The lines to repeat are those below from the one containing "Frederick Buechner: Words" down to the one containing "DMK Power FW-50", both included; reproduce them exactly and nothing else.

▸ MATERIAL FOR THIS EXERCISE
+--

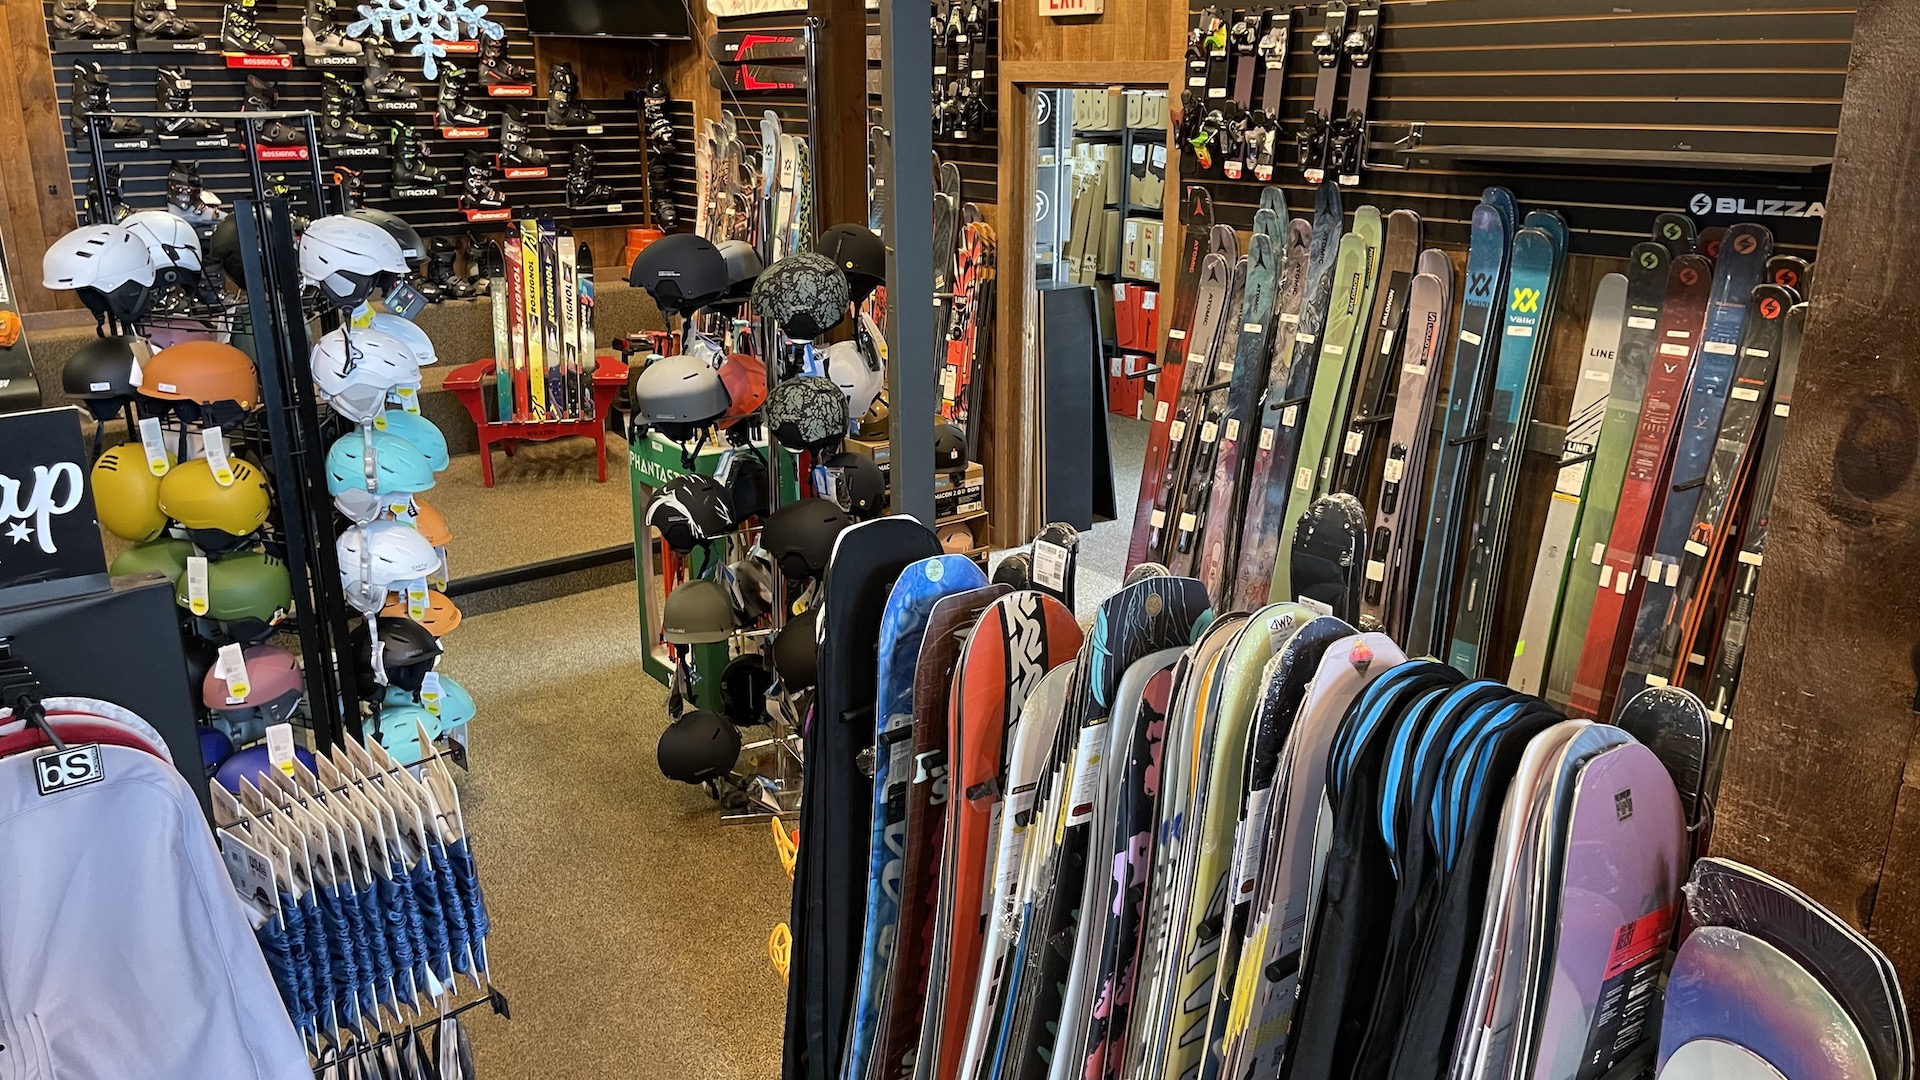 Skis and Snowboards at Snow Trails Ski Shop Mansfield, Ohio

+--

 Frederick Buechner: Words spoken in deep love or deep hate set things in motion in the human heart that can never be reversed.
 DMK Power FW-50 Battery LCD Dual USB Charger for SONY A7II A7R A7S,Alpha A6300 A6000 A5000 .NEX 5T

+--

▸ WRITTEN REPLY
 Frederick Buechner: Words spoken in deep love or deep hate set things in motion in the human heart that can never be reversed.
 DMK Power FW-50 Battery LCD Dual USB Charger for SONY A7II A7R A7S,Alpha A6300 A6000 A5000 .NEX 5T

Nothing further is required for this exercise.